▶ Data under study
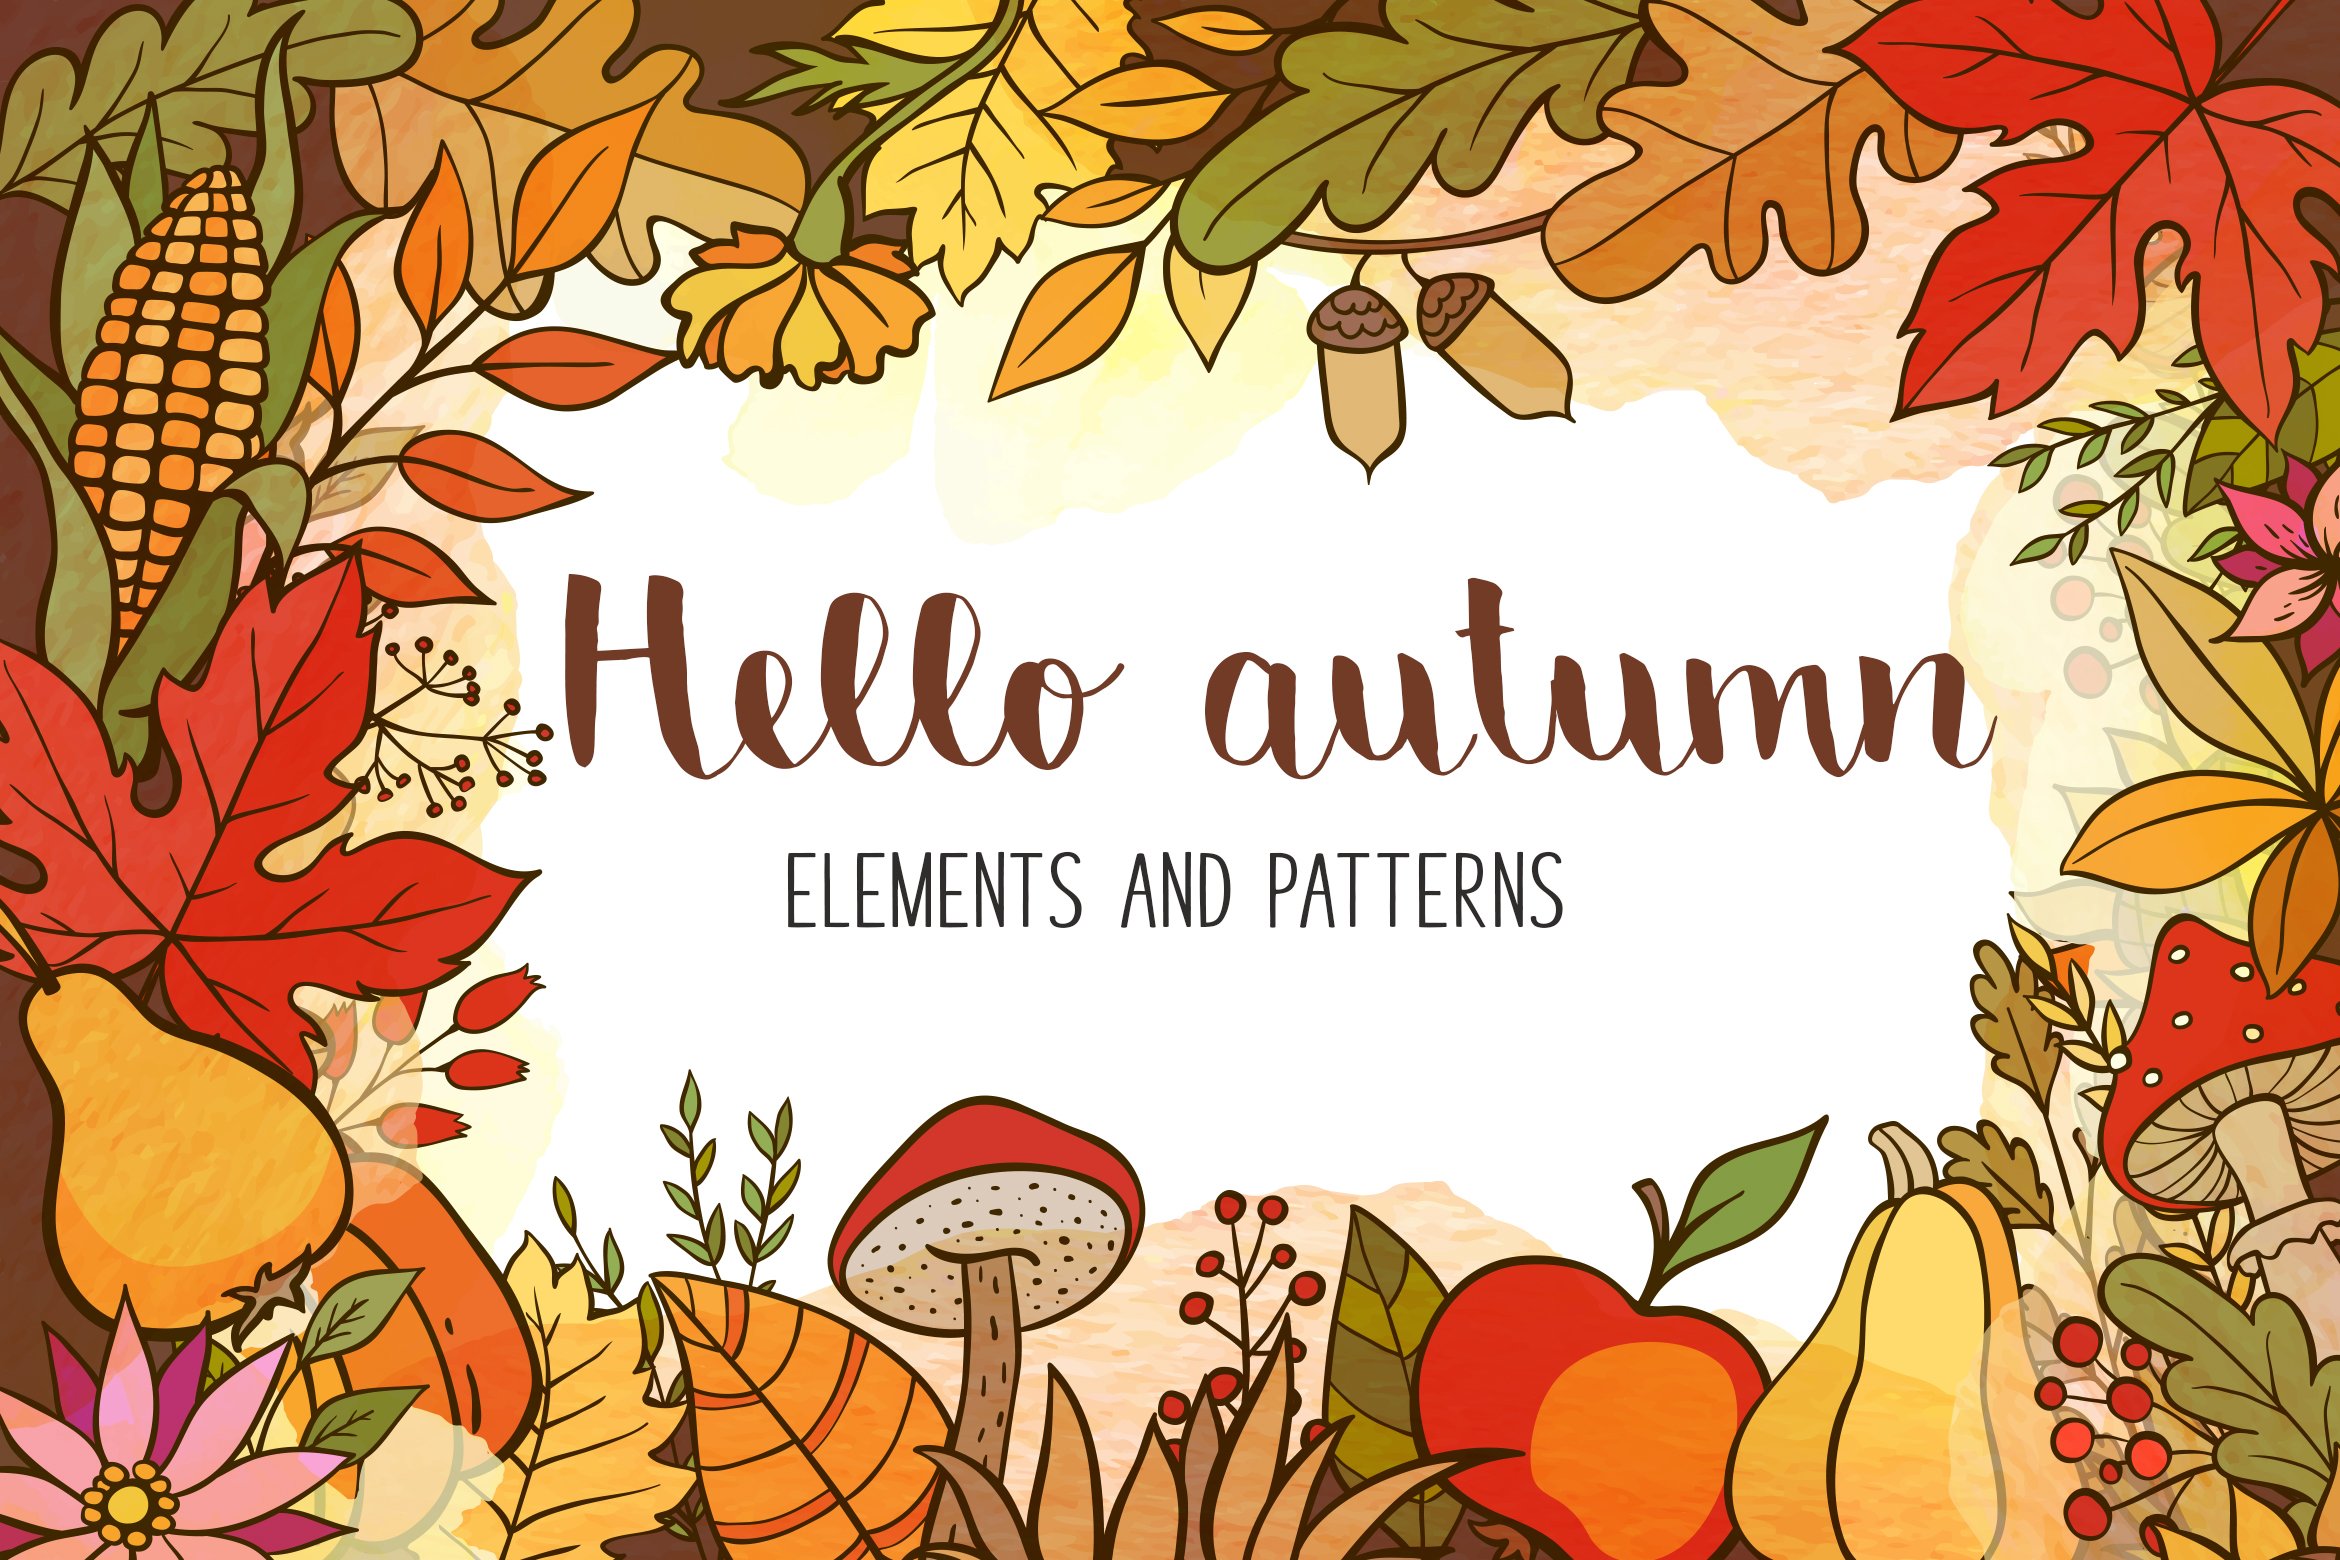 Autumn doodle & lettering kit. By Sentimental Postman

* * *

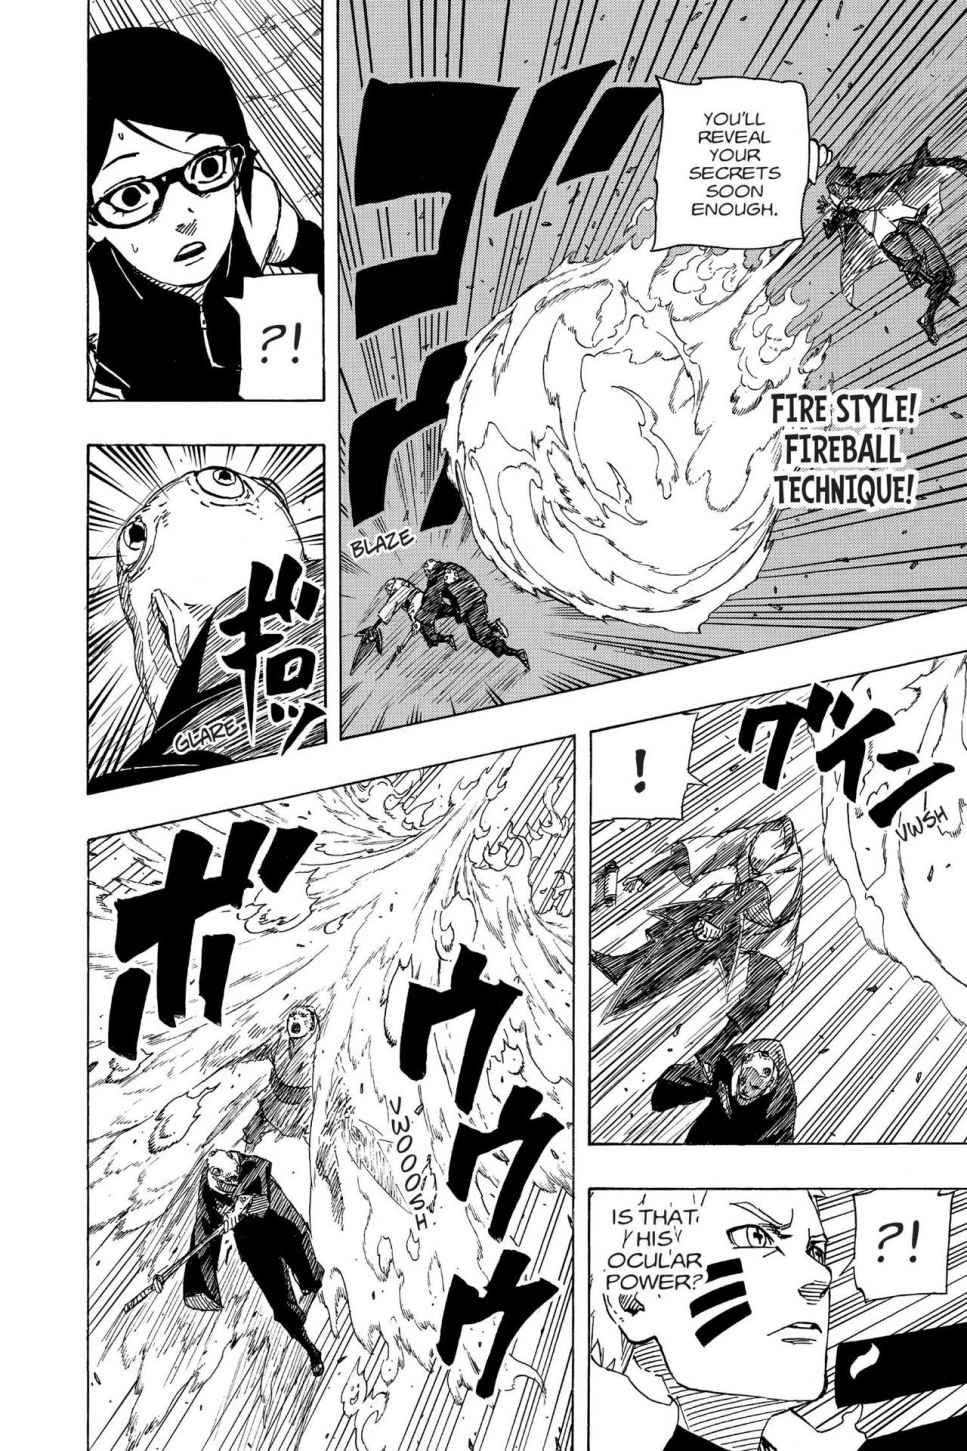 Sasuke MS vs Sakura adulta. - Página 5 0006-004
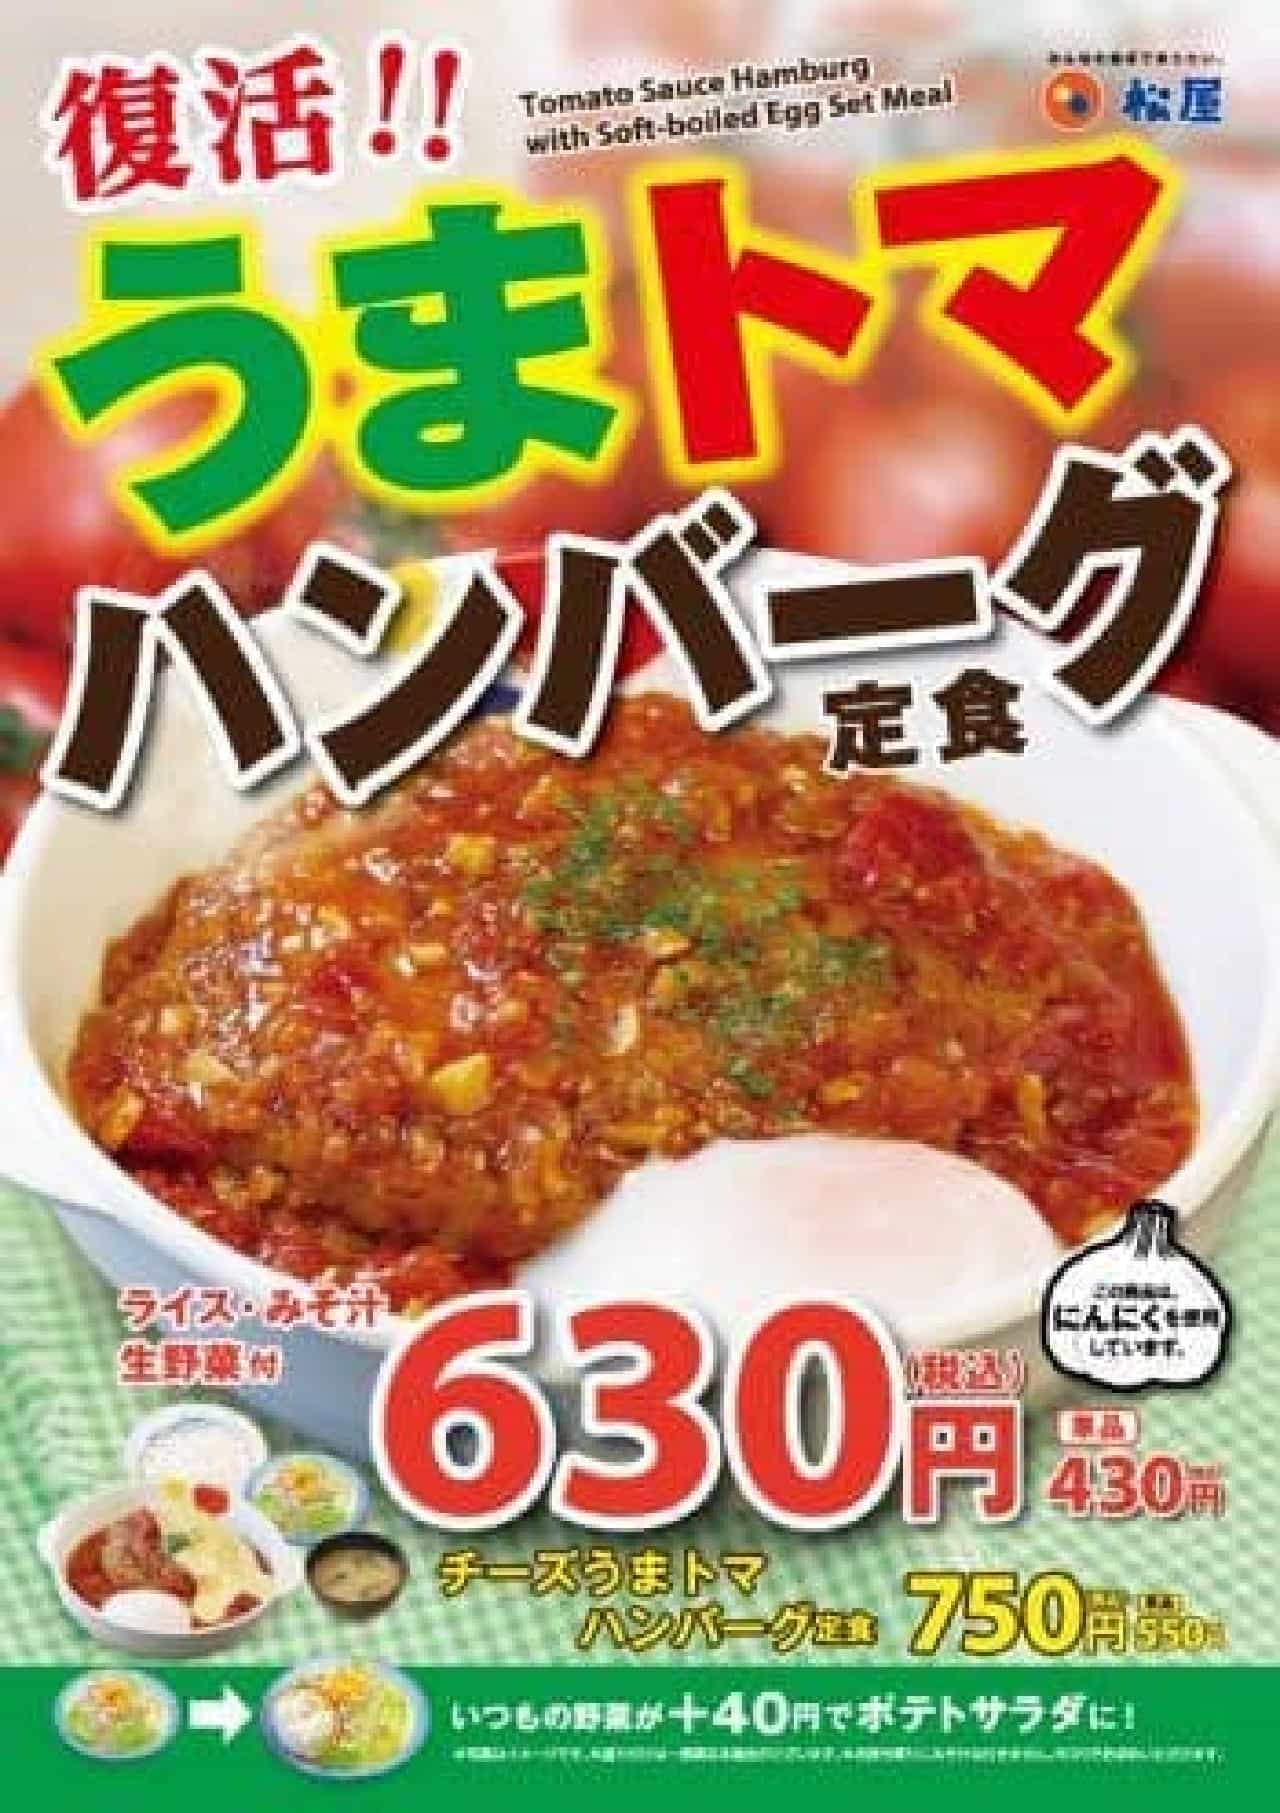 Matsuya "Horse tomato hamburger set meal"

--

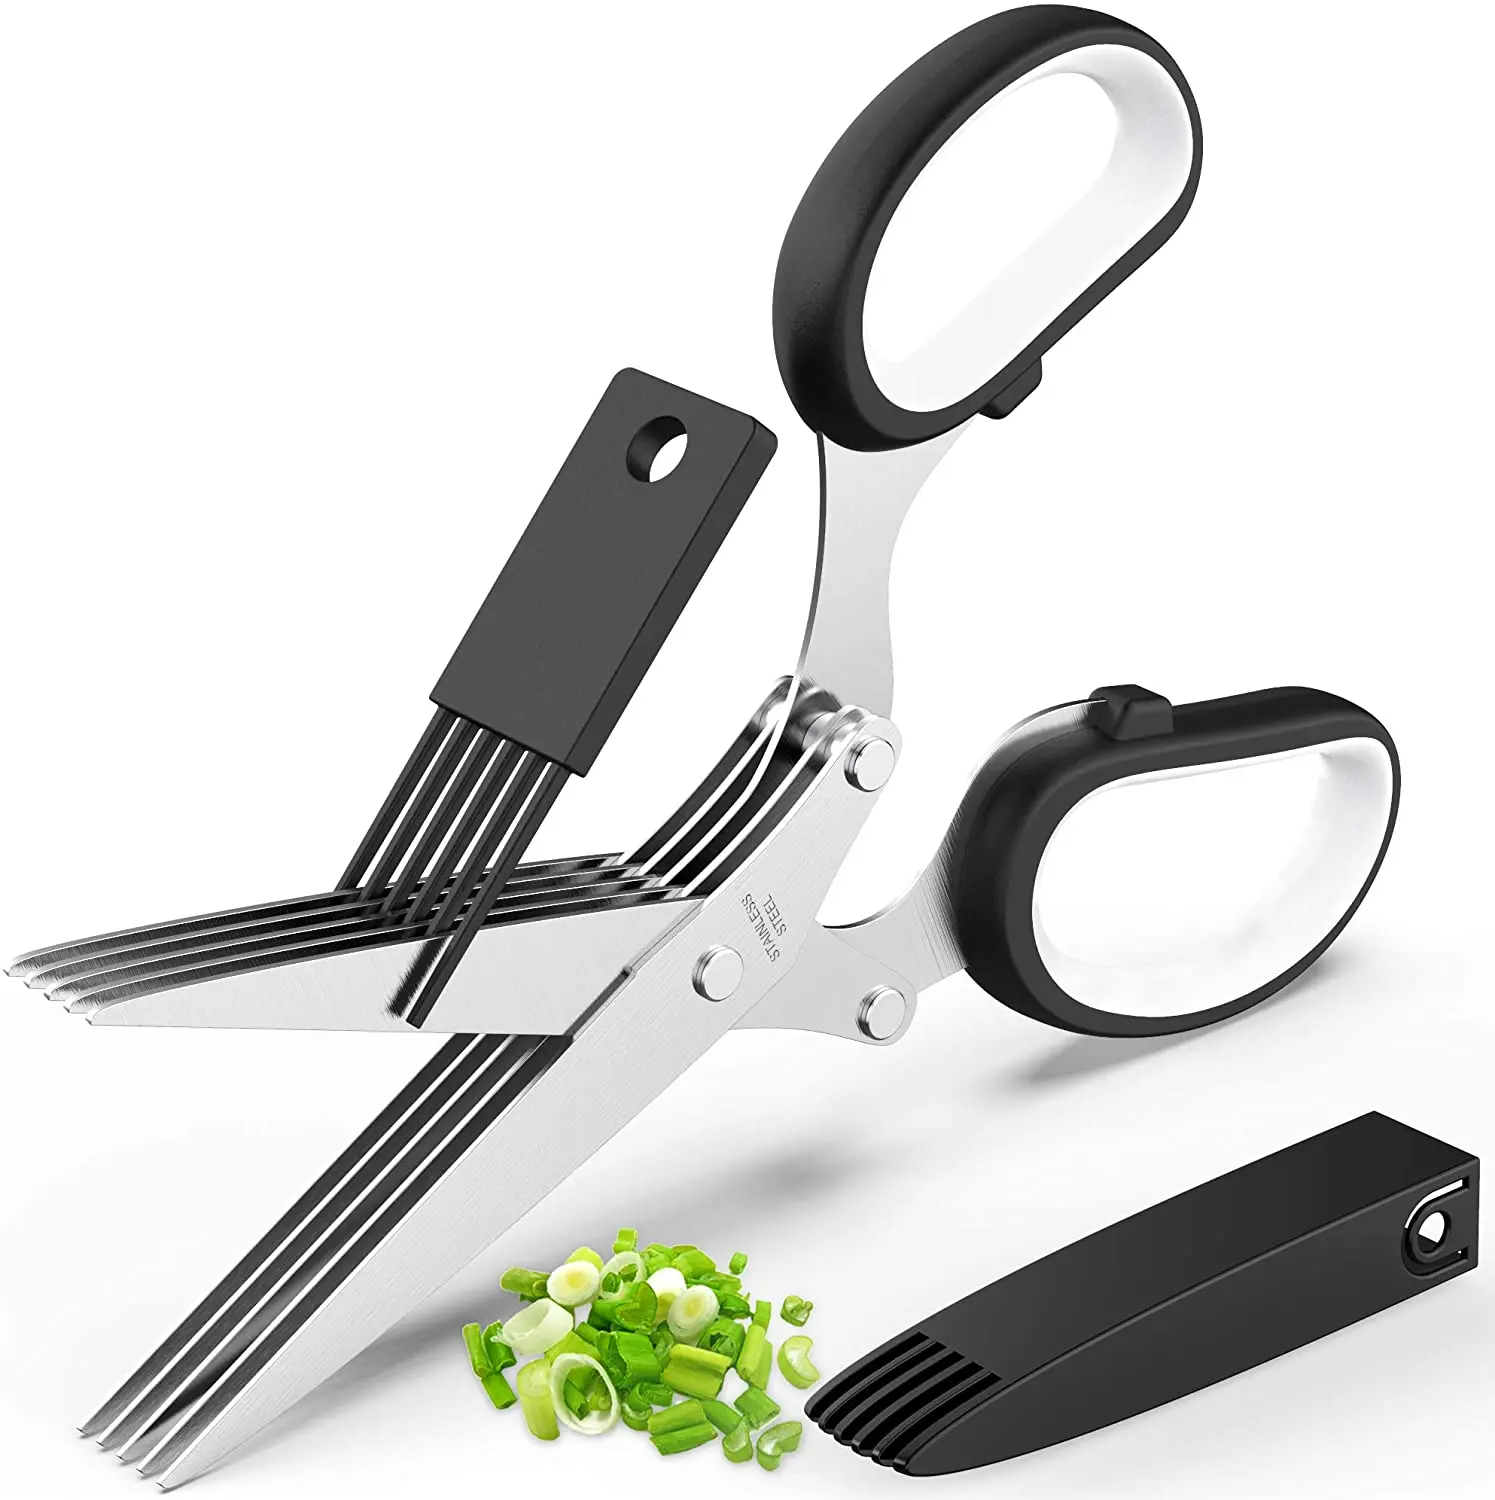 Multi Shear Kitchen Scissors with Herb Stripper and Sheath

▶ Problem statement
Set down again, word for word, every line from the one with "Sasuke MS vs" to the one with "tomato hamburger set" in the entries above, and omit the pictures.

▶ Your response
 Sasuke MS vs Sakura adulta. - Página 5 0006-004
 Matsuya "Horse tomato hamburger set meal"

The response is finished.